简介:       在一次C500K性能压测过程中,发现一个问题:8 processor的CPU,负载基本集中在CPU0,并且负载达到70以上,并通过mpstat发现CPU0每秒总中断(%irq+%soft)次数比较高。       基于对此问题的研究,解决和思考,便有了这篇文章,希望大家能够喜欢,也欢迎大家留言讨论。       在正文开始之前,我们先来看两个跟性能相关的基本概念:中断与上线

      在一次C500K性能压测过程中,发现一个问题:8 processor的CPU,负载基本集中在CPU0,并且负载达到70以上,并通过mpstat发现CPU0每秒总中断(%irq+%soft)次数比较高。

      基于对此问题的研究,解决和思考,便有了这篇文章,希望大家能够喜欢,也欢迎大家留言讨论。

      在正文开始之前,我们先来看两个跟性能相关的基本概念:中断与上线文切换(在实际场景中,发现90%以上的同学说不清楚),希望这篇文章能带给你一些帮助,如果有疑问,欢迎交流。


      中断


        Hardware interrupts are used by devices to communicate that they require attention from the operating system. Internally, hardware interrupts are implemented using electronic alerting signals that are sent to the processor from an external device, which is either a part of the computer itself, such as a disk controller, or an external peripheral. For example, pressing a key on the keyboard or moving the mouse triggers hardware interrupts that cause the processor to read the keystroke or mouse position. Unlike the software type (described below), hardware interrupts are asynchronous and can occur in the middle of instruction execution, requiring additional care in programming. The act of initiating a hardware interrupt is referred to as an interrupt request (IRQ).


         A software interrupt is caused either by an exceptional condition in the processor itself, or a special instruction in the instruction set which causes an interrupt when it is executed. The former is often called a trap or exception and is used for errors or events occurring during program execution that are exceptional enough that they cannot be handled within the program itself. For example, if the processor's arithmetic logic unit is commanded to divide a number by zero, this impossible demand will cause a divide-by-zero exception, perhaps causing the computer to abandon the calculation or display an error message. Software interrupt instructions function similarly to subroutine calls and are used for a variety of purposes, such as to request services from low-level system software such as device drivers. For example, computers often use software interrupt instructions to communicate with the disk controller to request data be read or written to the disk.

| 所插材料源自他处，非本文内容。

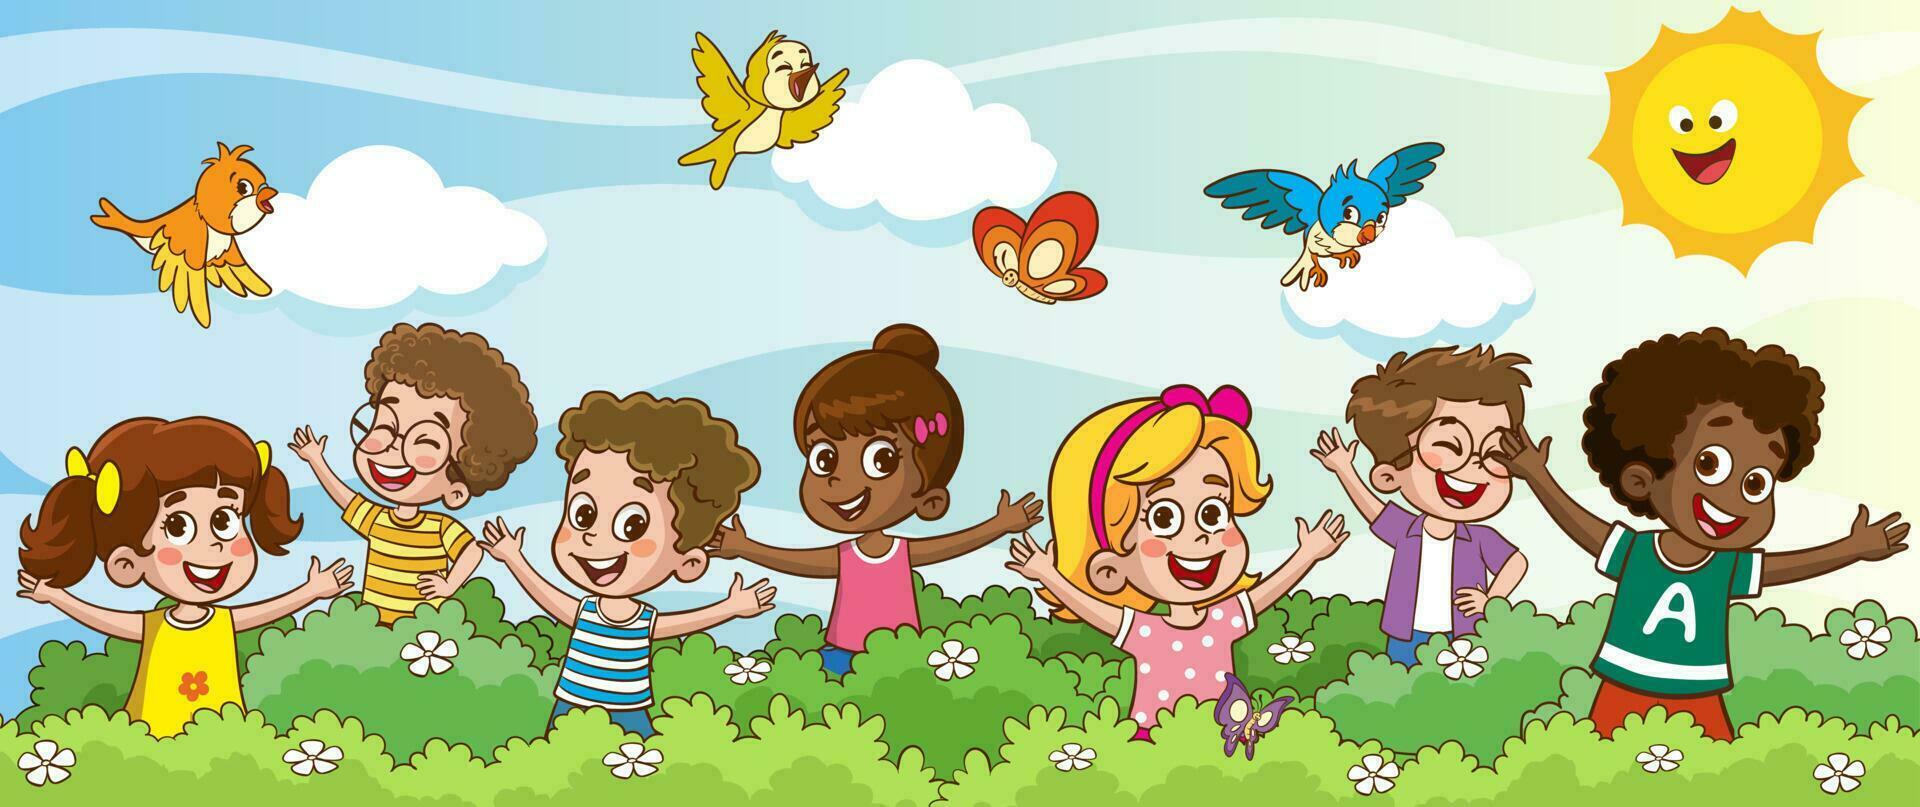 little kid play together with friend and feel happy vector

        硬中断,硬件中断CPU,通常是异步处理的;软中断,指令中断内核执行,分两种情况,一种是异常,另外一种类似subroutine calls,软中断可以用来实现system call。


      上线文切换


        In computing, a context switch is the process of storing and restoring the state (context) of a process or thread so that execution can be resumed from the same point at a later time. This enables multiple processes to share a single CPU and is an essential feature of a multitasking operating system. What constitutes the context is determined by the processor and the operating system.Context switches are usually computationally intensive, and much of the design of operating systems is to optimize the use of context switches. Switching from one process to another requires a certain amount of time for doing the administration – saving and loading registers and memory maps, updating various tables and lists etc. A context switch can mean a register context switch, a task context switch, as tack frame switch, a thread context switch, or a process context switch.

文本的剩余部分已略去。